- _Problem description_:
Restate word for word the section of the entries that opens at the line containing "If you want" and closes at the line containing "LIMITED EDITION SHIRTS BLUE WHITE STRIPES", both lines kept, pictures dropped.

- _Input data_:
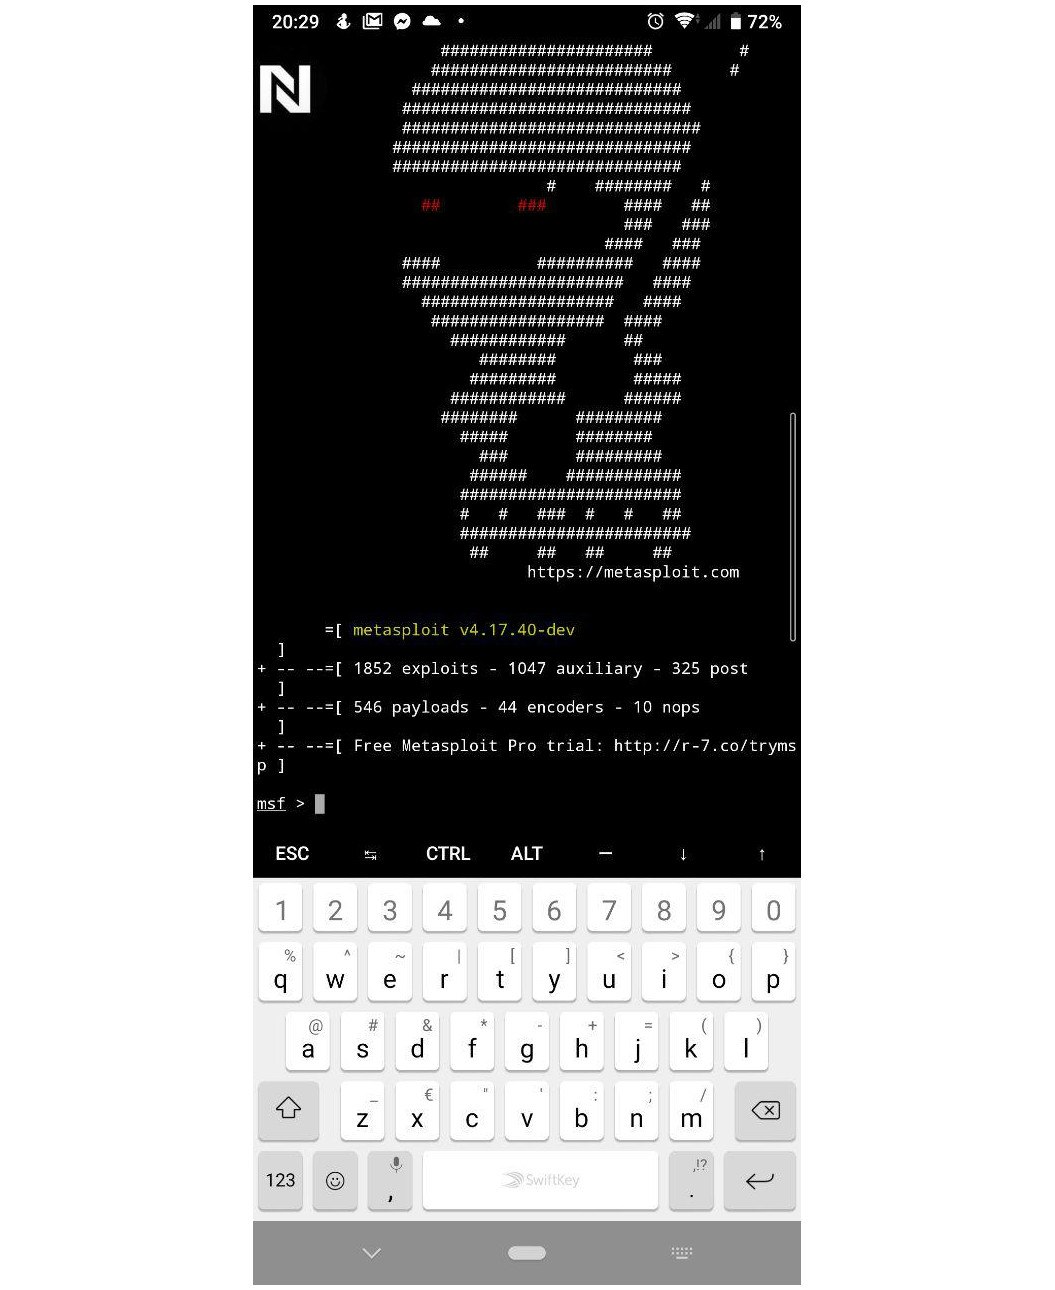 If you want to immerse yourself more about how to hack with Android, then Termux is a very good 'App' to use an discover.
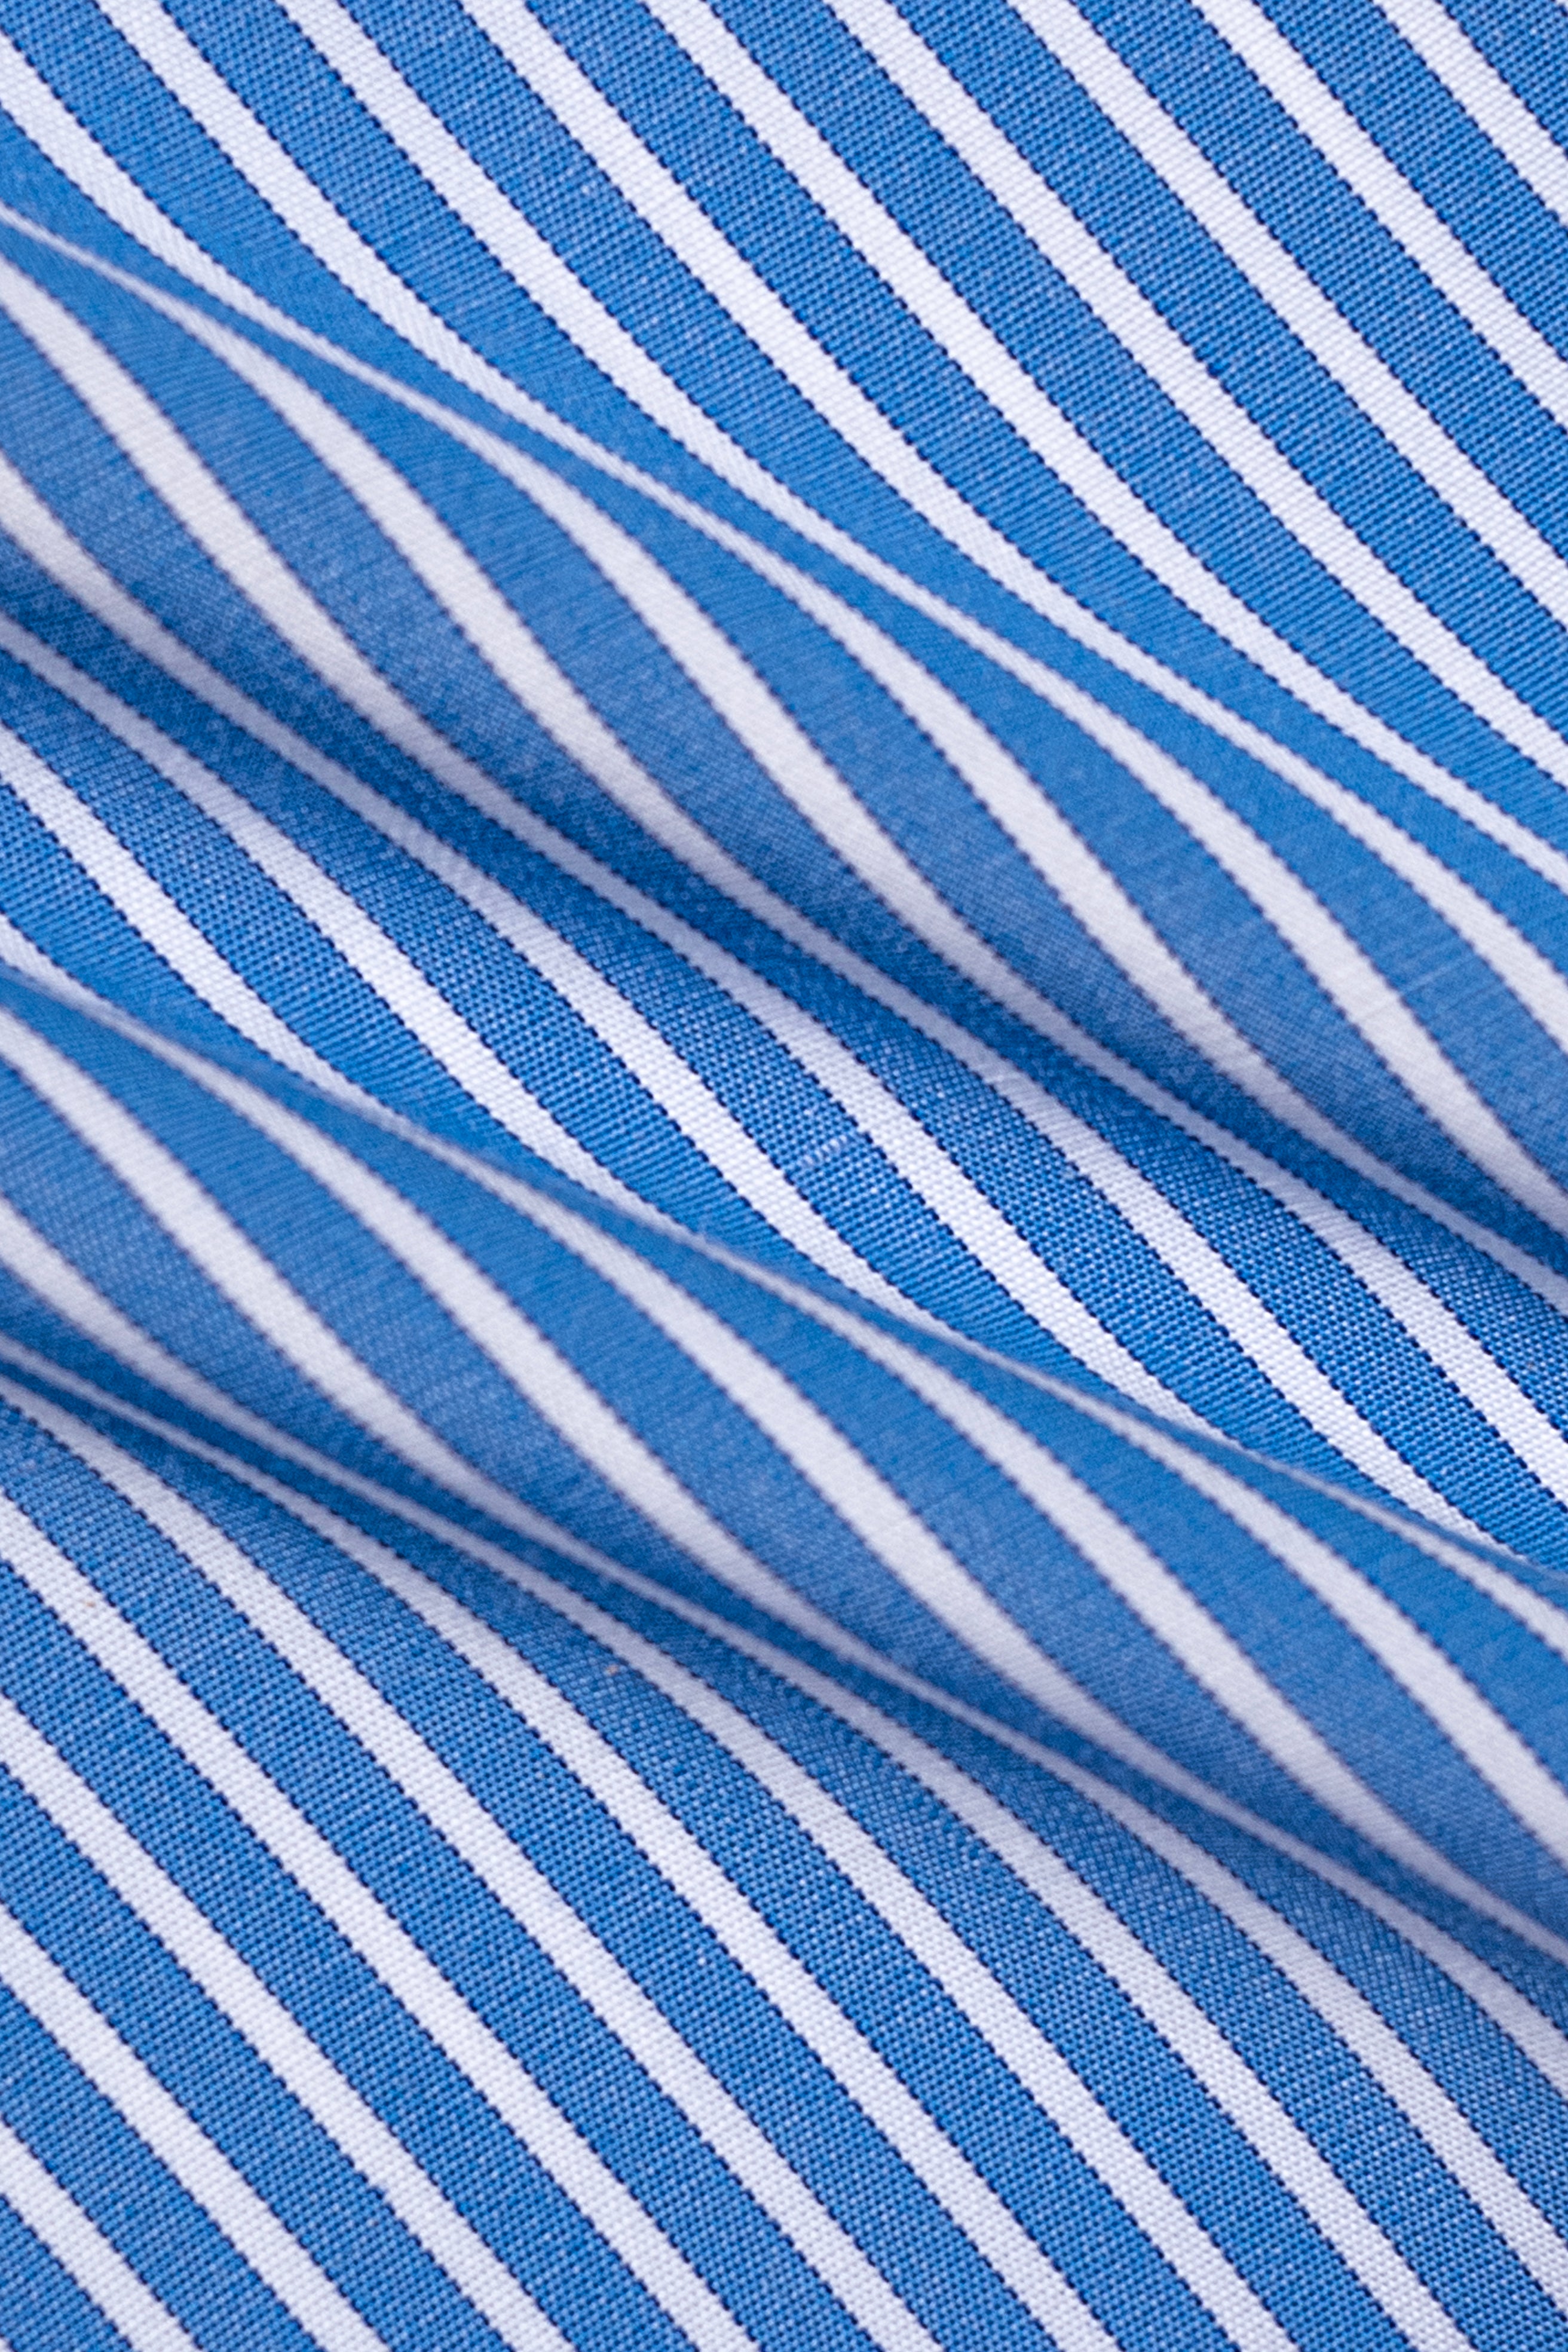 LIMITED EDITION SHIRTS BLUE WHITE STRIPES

* * *

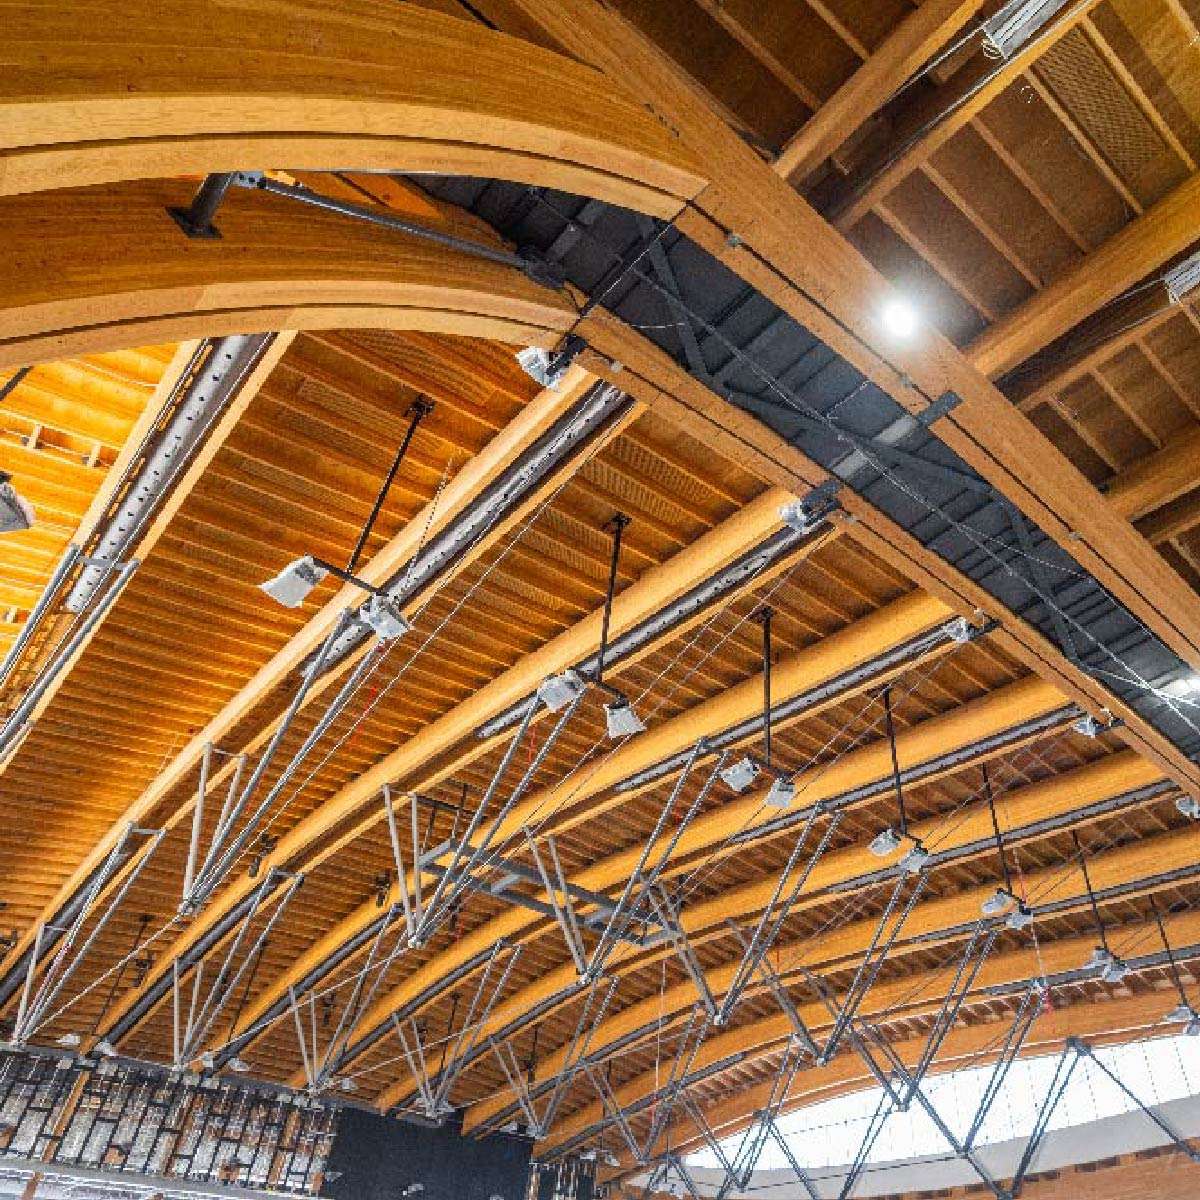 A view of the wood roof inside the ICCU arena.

* * *

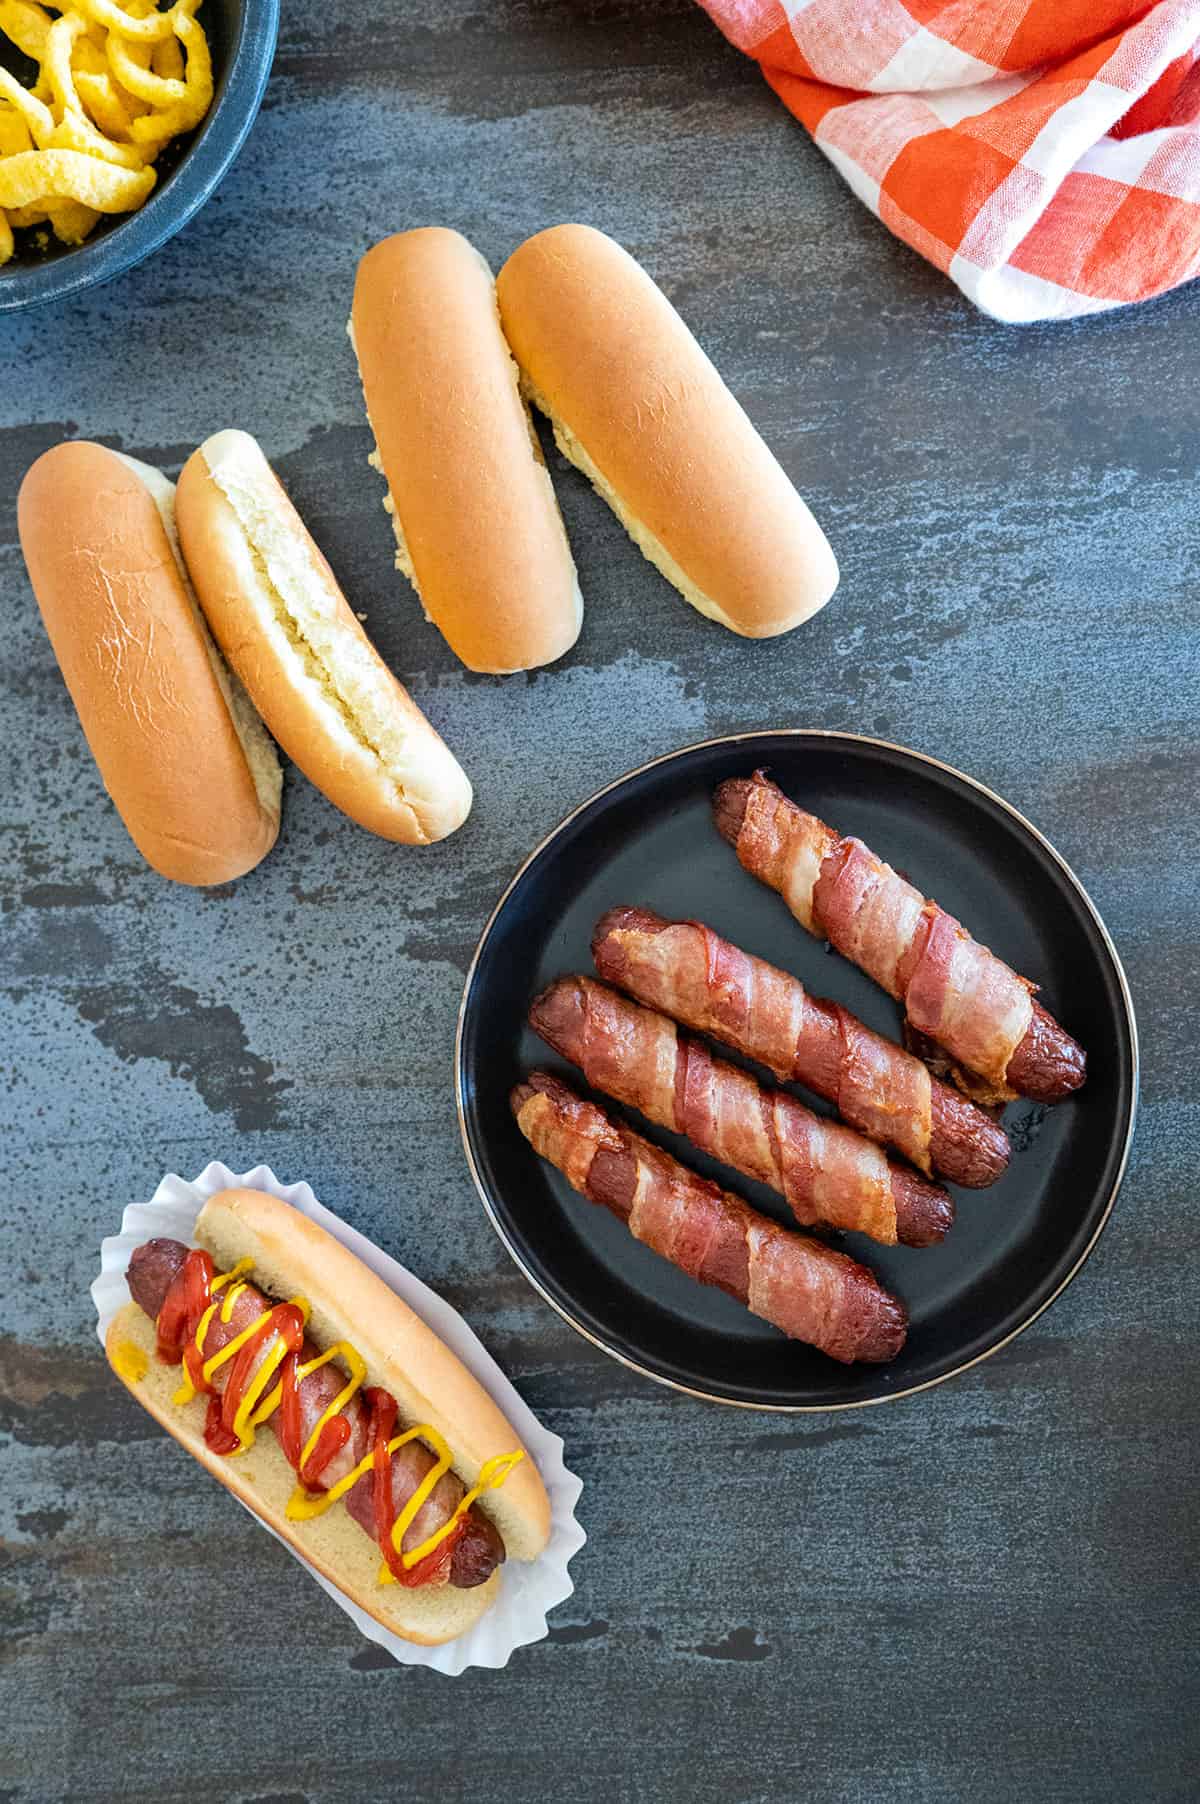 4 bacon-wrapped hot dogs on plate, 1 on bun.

- _Answer for this exercise_:
 If you want to immerse yourself more about how to hack with Android, then Termux is a very good 'App' to use an discover.
 LIMITED EDITION SHIRTS BLUE WHITE STRIPES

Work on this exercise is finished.